Tamara Clark seizes her moment, sets NCAA top-five time
January 16, 2020
Before every race she competes in, Alabama junior sprinter Tamara Clark takes a minute to gather her emotions and ease her frantic nerves.
As she prepared to compete in Friday’s UAB Blazer Invitational at the Birmingham Crossplex Arena, she stepped off to the side, away from her teammates and coaches, and entered a nearby bathroom to meditate.
“I start shaking because I will start to overthink things,” Clark said. “After that, I’m ready to go. Without doing that, I feel like I would be overwhelmed.”
In the Crimson Tide’s first indoor meet of the season, Clark began her morning by posting two sub-7.30 times in the two women’s 60-meter dash races, including a personal best-tying 7.23 in the finals. After that, Alabama assistant sprint coach Blaine Wiley approached the North Carolina native with a proposition that only comes around once a year.
The 300-meter indoor race in not an officially sanctioned NCAA track and field event. It is, however, offered at the Blazer Invitational. For Clark, the 2019 SEC champion in the 200-meter, it was a perfect chance to test herself with a possible move up to the 400-meter in the future.
“It’s a type of benchmark we use to gauge where we are,” Wiley said. “After she met her personal best (in the 60-meter), I knew she was ready to do something special.”
Clark did just that, winning the 300-meter with a time of 36.56 – the fifth-fastest time in NCAA indoor history – and improving her personal best in the event by more than half a second.
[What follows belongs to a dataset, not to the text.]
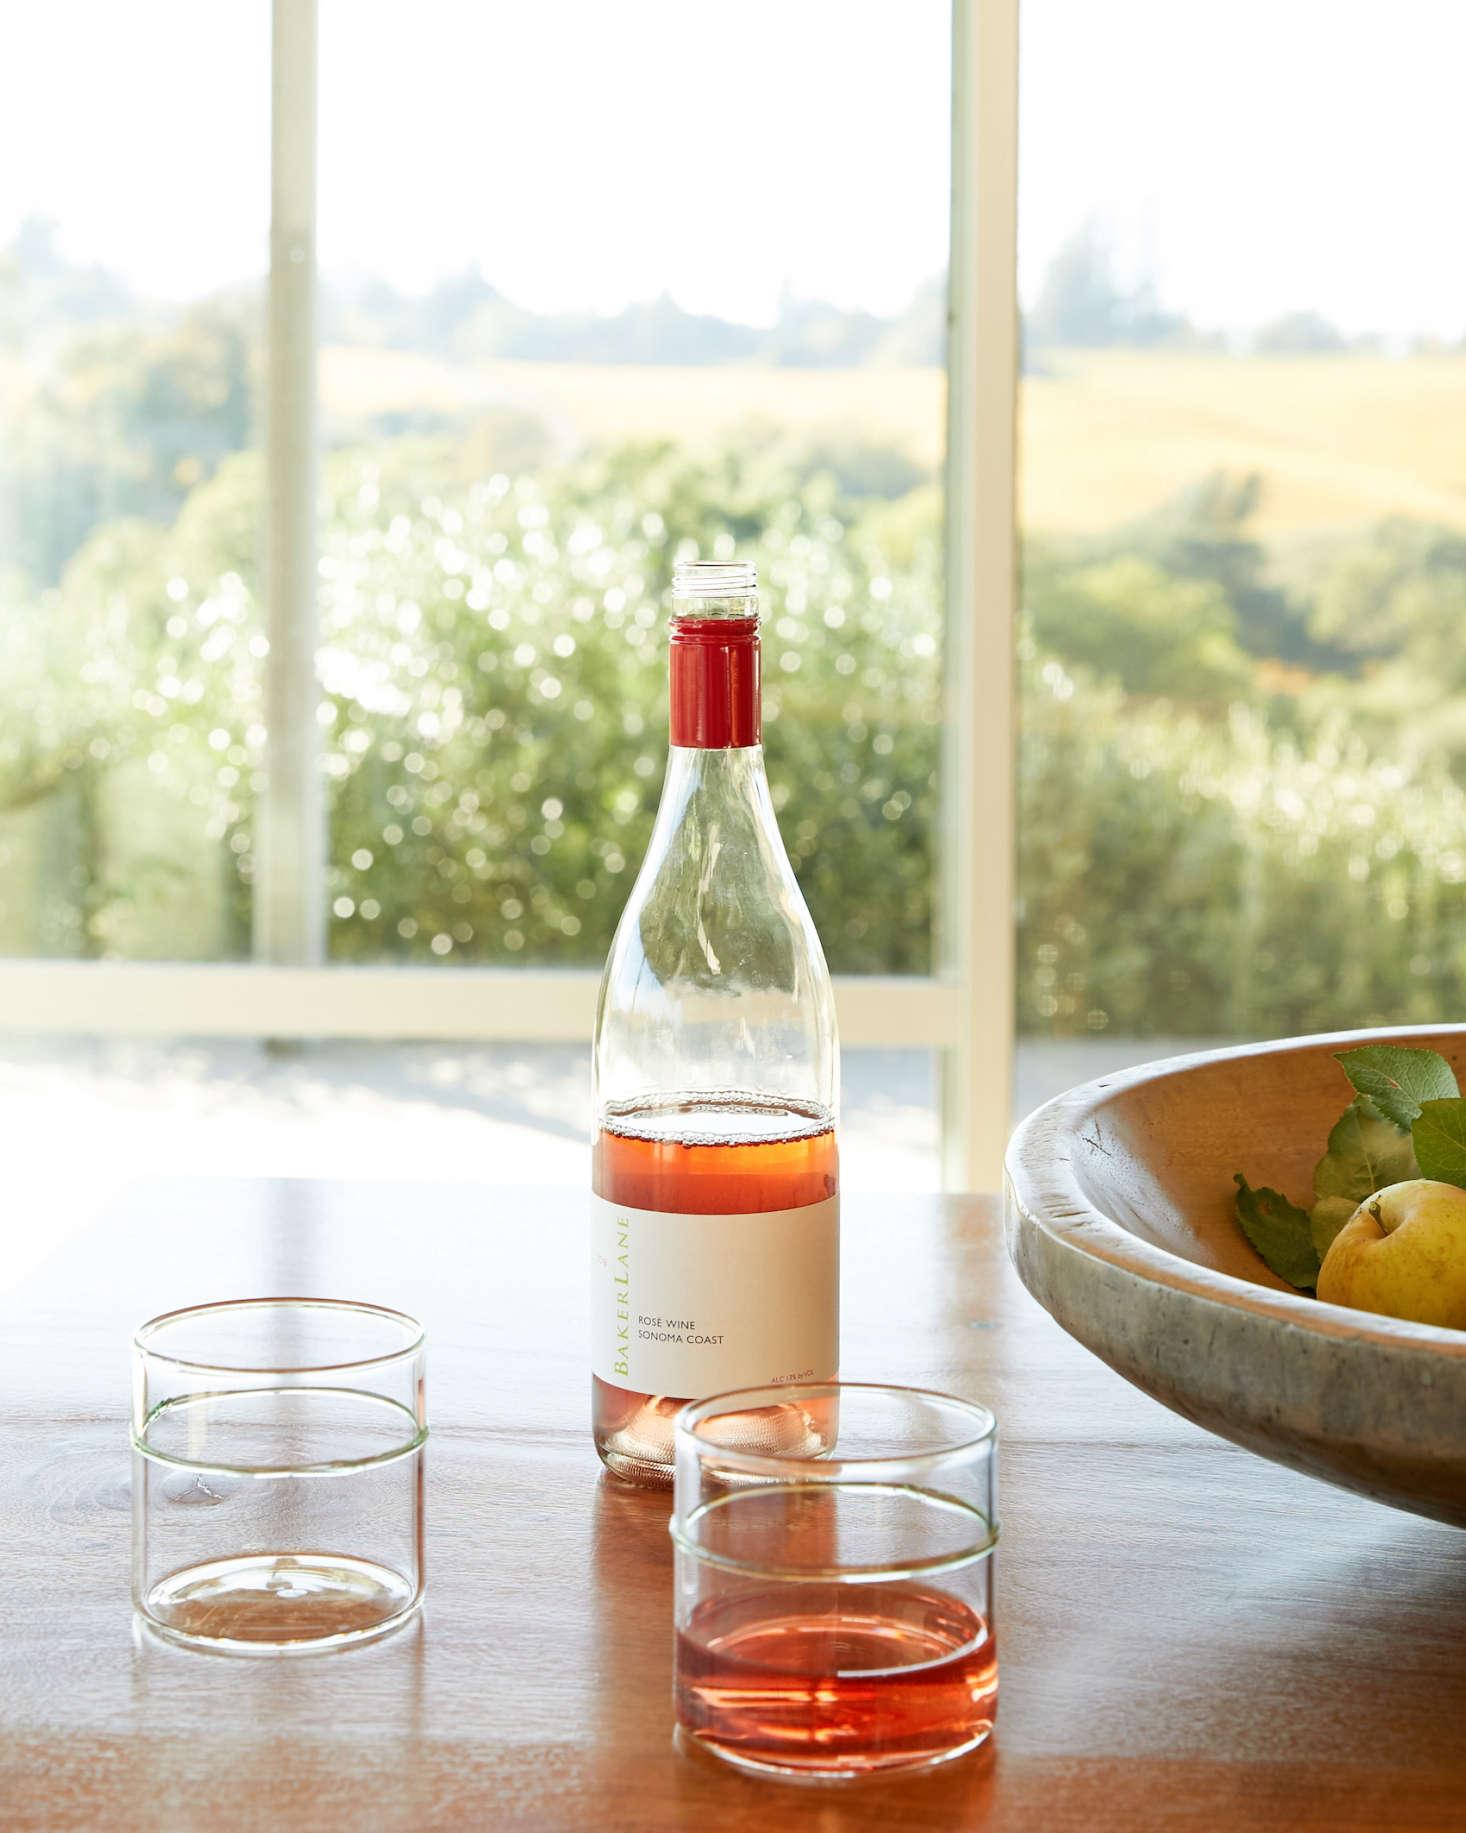 Baker Lane  Rosé ($),served in handblown ItalianAcqua e Vino glasses from Permanent Collection, of which Stephen Singer&#8

Her run, which she described as a blur from the first gun to the finish line, sits less than 1 second behind the all-time record of 35.69, set by Merlene Ottey of Nebraska in 1982.
Despite four event wins, the SEC Championship, All-American honors in the 200-meter and an NCAA Championship bid in the same event, Clark still sees the indoor season as a challenge for her as a runner.
“It’s a love-and-hate relationship with indoor because it’s so hard,” Clark said with a sigh. “I’m not the strongest runner, strength-wise, and the banked curves are really difficult.”
Wiley has challenged Clark in the indoor portion of the season since her arrival in Tuscaloosa and said she has responded. It takes a confident athlete to lead both vocally and by example, which Clark embodies with her role on the track and field team.
“That type of leadership makes others want to raise their output,” Wiley said. “If I tell her to run, she runs. She doesn’t do half-speed and brings so much energy.”
With the Olympics – the highest level of competition in the sport – looming this summer, Clark has her sights set on a trip to Tokyo. Based on the 2016 requirements for the U.S. Olympic Trials, she is in position to receive an invitation to this year’s trials from June 19-28 for both the 100- and 200-meter.
For Clark, the goal right now is to simply make the trials and improve on her weaknesses – most notably, her starts in the blocks.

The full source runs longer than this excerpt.